# SOURCE DATA:

BEGIN

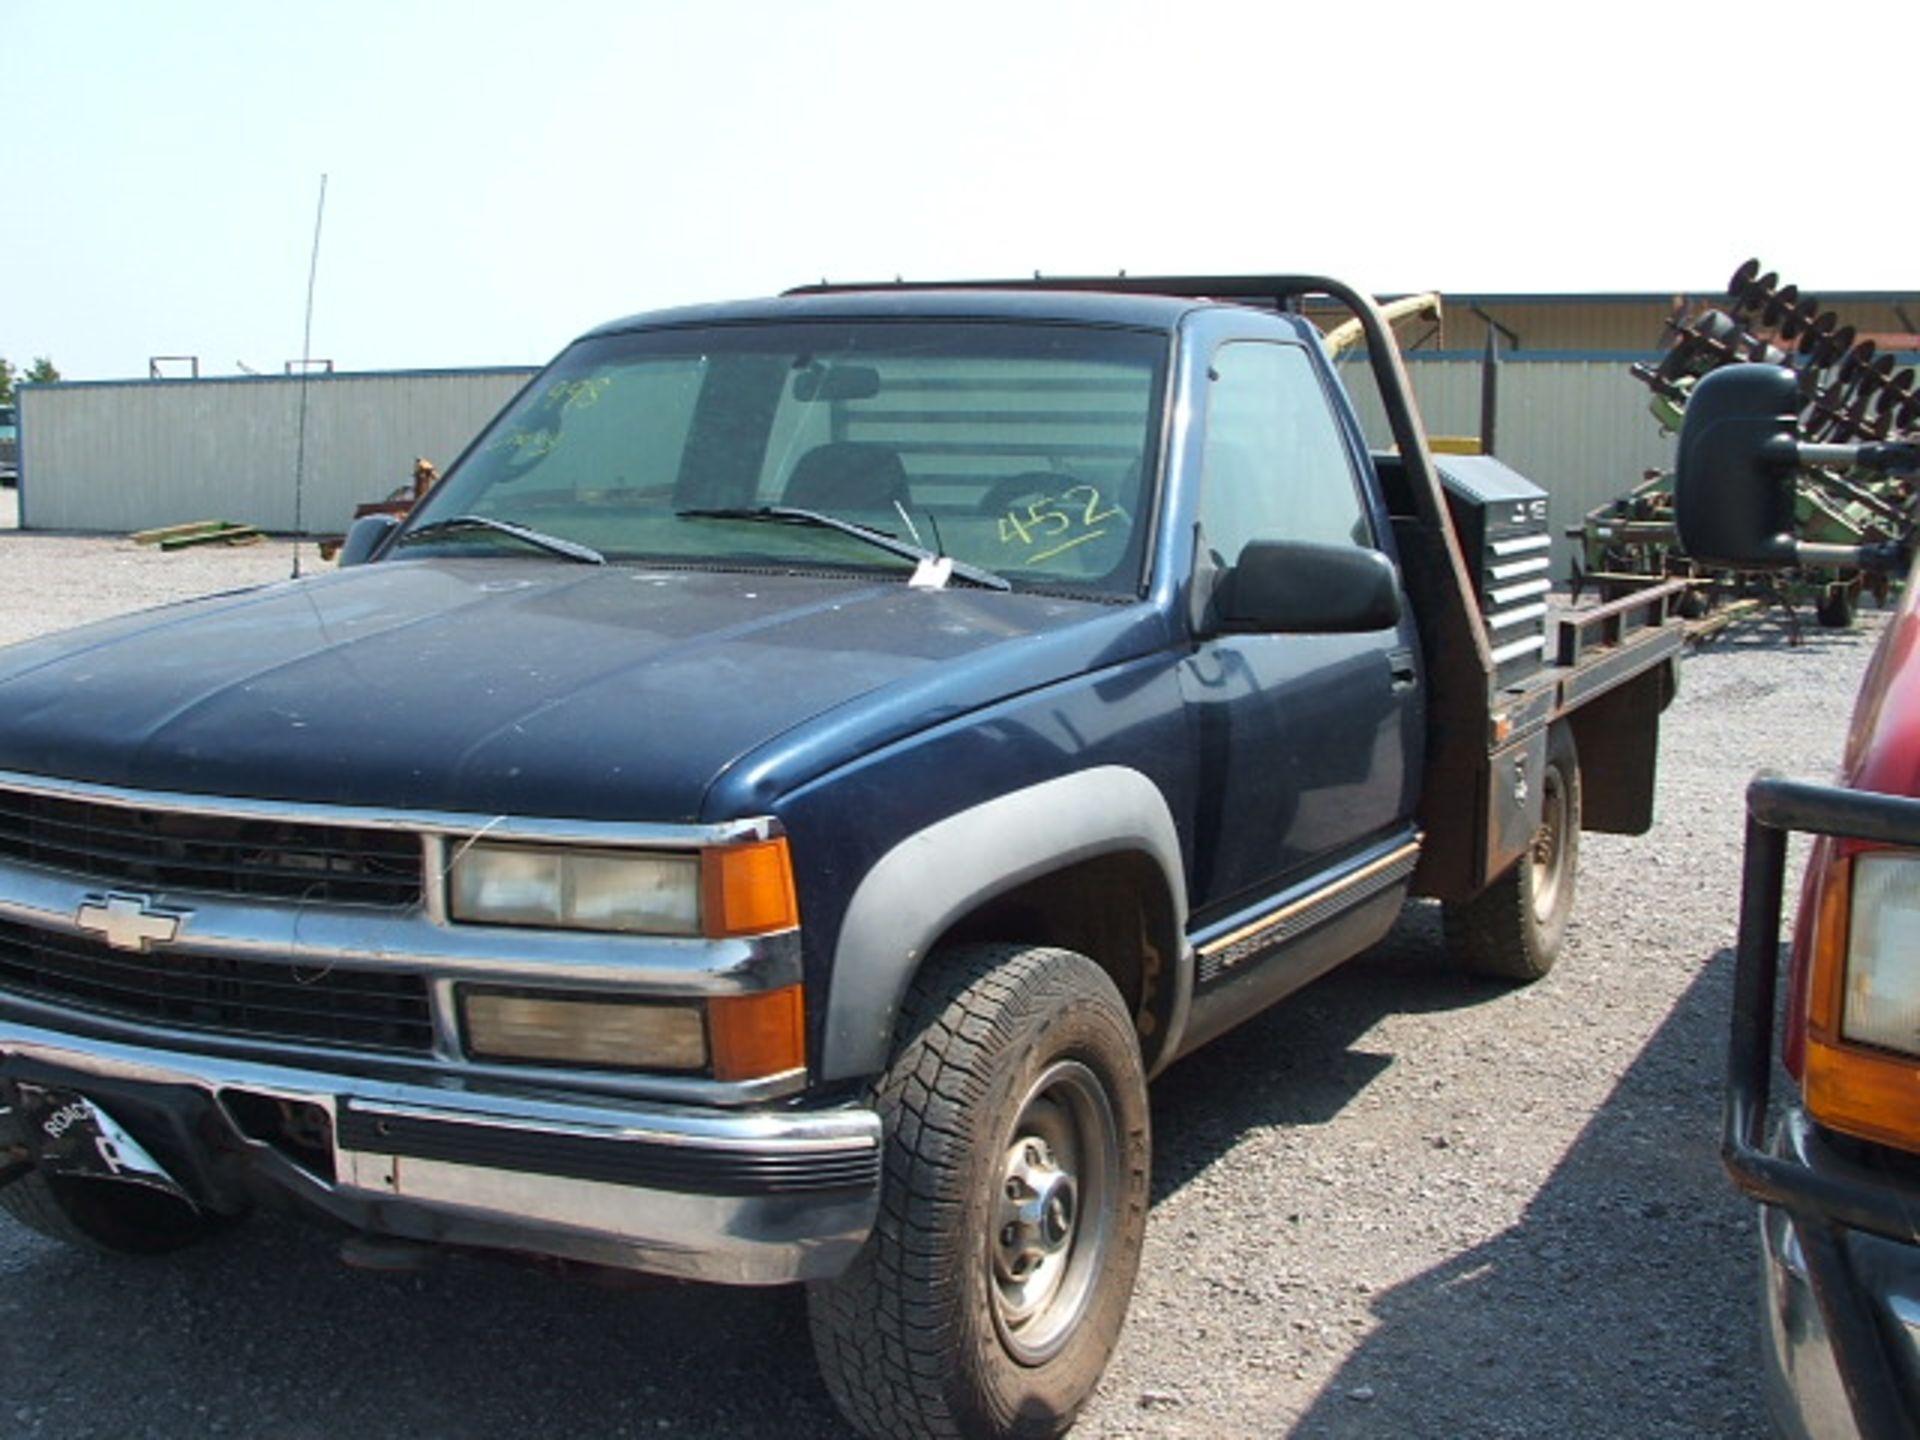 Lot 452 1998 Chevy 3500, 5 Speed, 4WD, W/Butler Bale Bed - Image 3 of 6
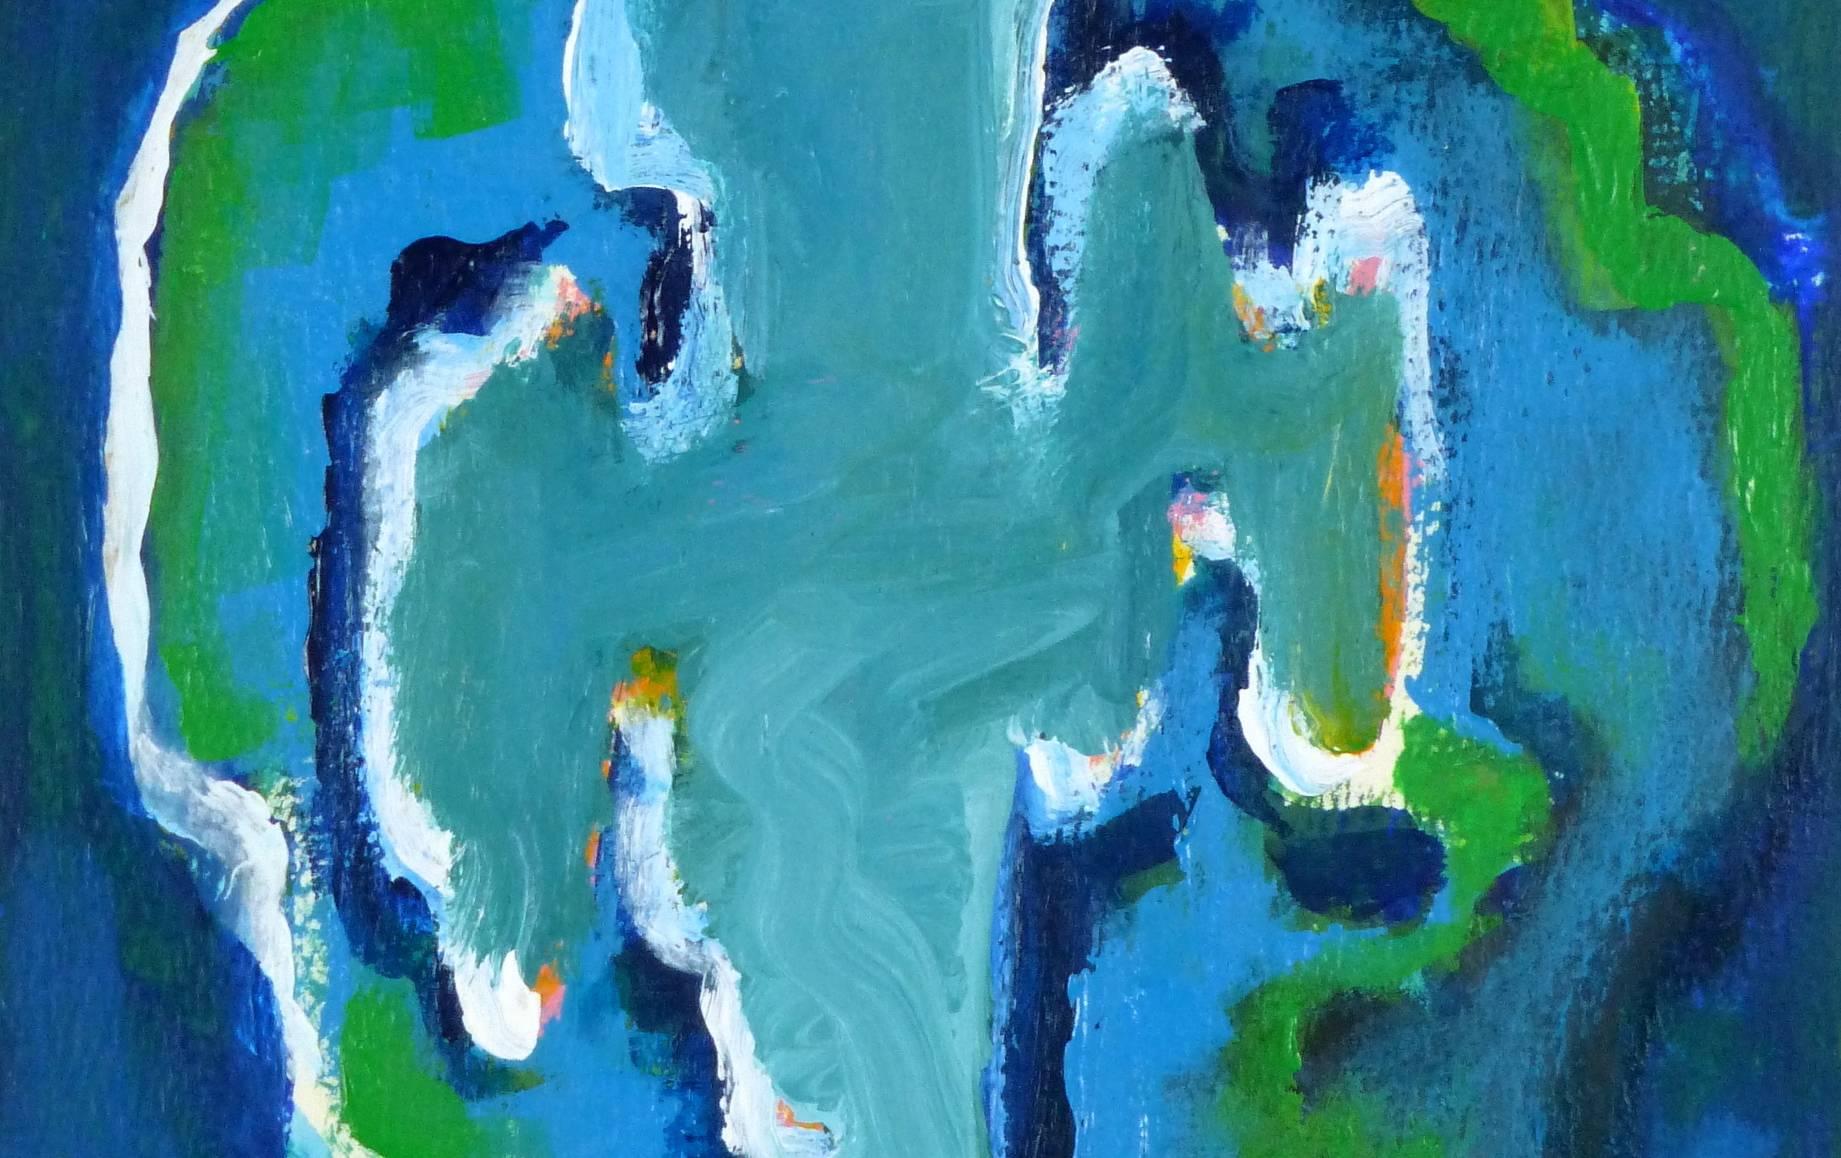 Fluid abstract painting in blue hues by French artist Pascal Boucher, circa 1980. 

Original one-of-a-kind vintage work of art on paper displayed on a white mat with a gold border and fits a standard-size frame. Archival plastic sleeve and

END

# WORK ITEM:
Retype the data exactly; images stay out.

# ANSWER:
 Lot 452 1998 Chevy 3500, 5 Speed, 4WD, W/Butler Bale Bed - Image 3 of 6
 Fluid abstract painting in blue hues by French artist Pascal Boucher, circa 1980. 

Original one-of-a-kind vintage work of art on paper displayed on a white mat with a gold border and fits a standard-size frame. Archival plastic sleeve and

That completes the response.